01 - 
                Preheat the oven to 175°C. Pulse Oreo cookies into fine crumbs. Combine crumbs with melted butter, then press the mixture evenly into the bottom of an 20 to 23 cm springform pan. Bake for 10 minutes, then cool to room temperature and reduce oven temperature to 165°C.
              
              
              
                02 - 
                Place the springform pan inside an oven-safe roasting bag to prevent moisture from penetrating the crust during baking.
              
              
              
                03 - 
                In a large bowl, beat the softened cream cheese until smooth and creamy. Incorporate granulated sugar, vanilla extract, and brewed espresso, mixing until combined.
              
              
              
                04 - 
                Add eggs one at a time, mixing gently until just incorporated. Avoid overmixing to prevent air incorporation.
              
              
              
                05 - 
                Pour the cheesecake batter over the cooled crust ensuring an even layer.
              
              
              
                06 - 
                Place the springform pan inside a larger 23 x 33 cm roasting pan. Add approximately 2.5 centimeters of hot water to the roasting pan to create a bain-marie. Bake at 165°C for 65 to 85 minutes until the center gently wobbles when shaken.
              
              
              
                07 - 
                Turn off the oven and crack the oven door.
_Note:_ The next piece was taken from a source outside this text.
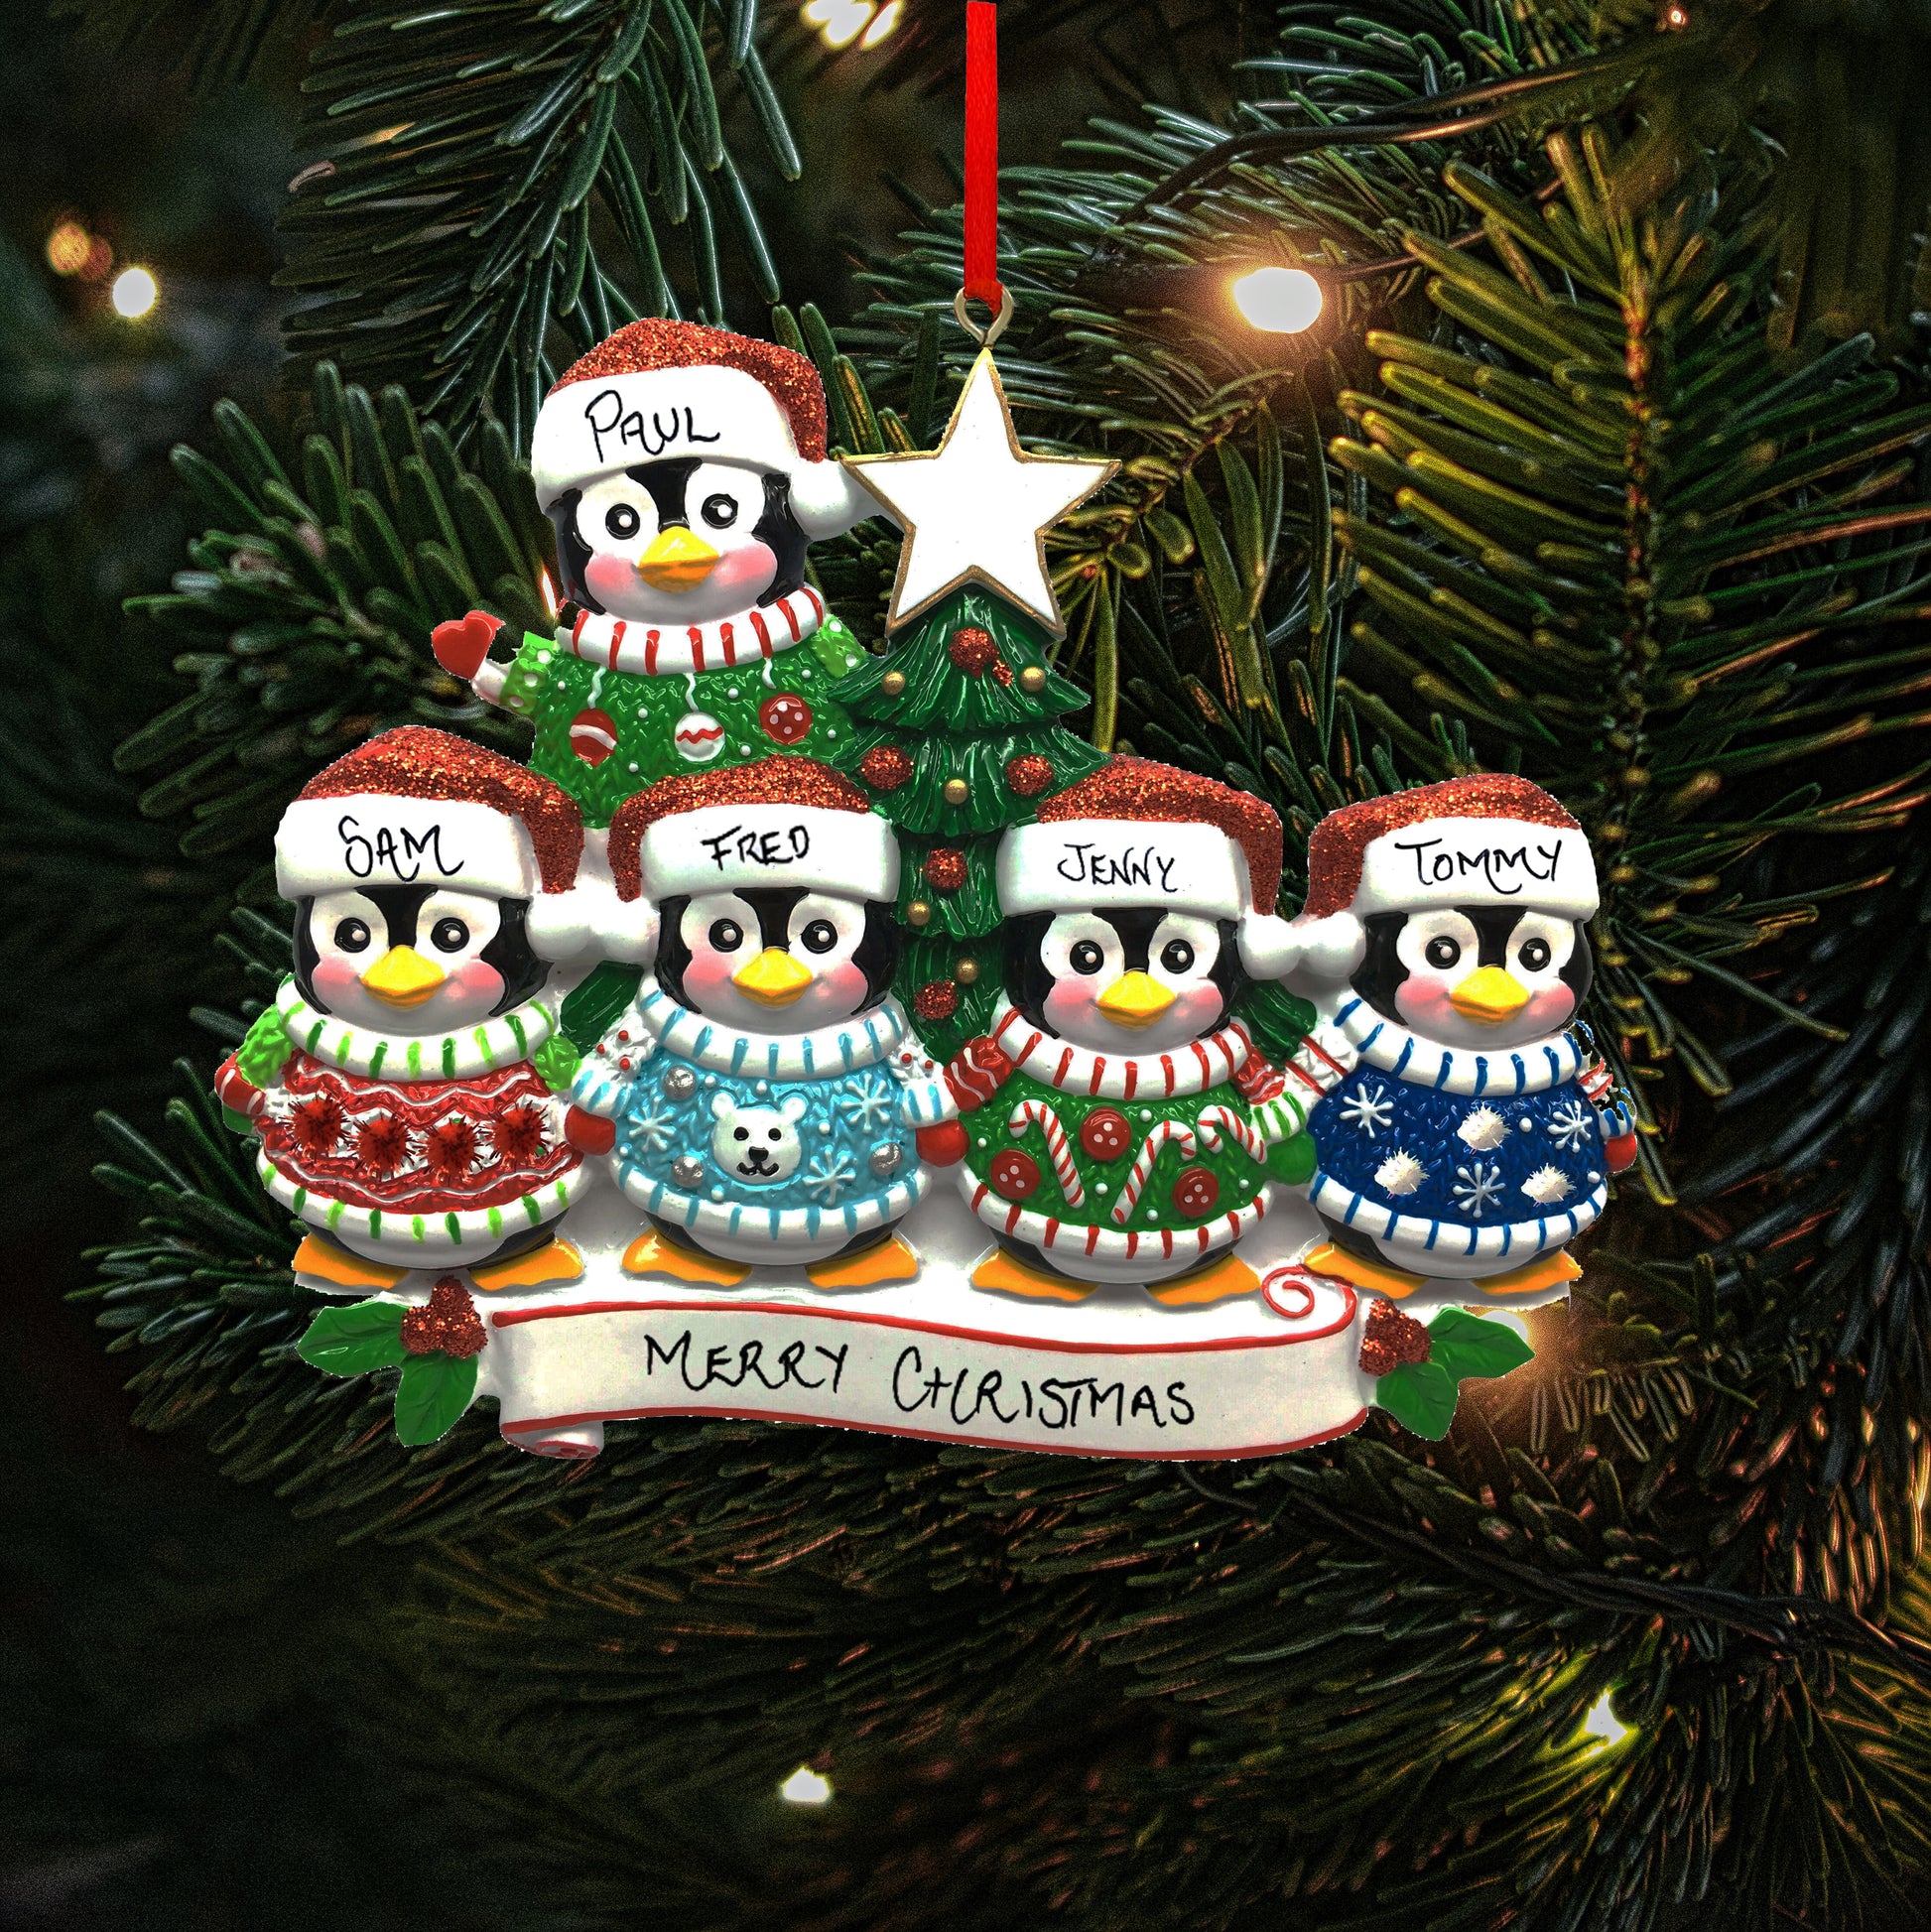 A personalized family of five Christmas decoration featuring five penguins with the names 'Sam', 'Paul', 'Fred', 'Jenny' and 'Tommy' written on their hats, showing the personalisable capabilities of the ornament. They are perched above a banner reading 'Merry Christmas.' The decoration hangs on a Christmas tree, with lights in the background.

Let the cheesecake cool slowly in the oven for 60 to 90 minutes to prevent cracking.
              
              
              
                08 - 
                Remove the cheesecake from the oven, cool to room temperature, then cover loosely with foil or plastic wrap. Refrigerate overnight to set.
              
              
              
                09 - 
                Unmold the cheesecake carefully before slicing and serving.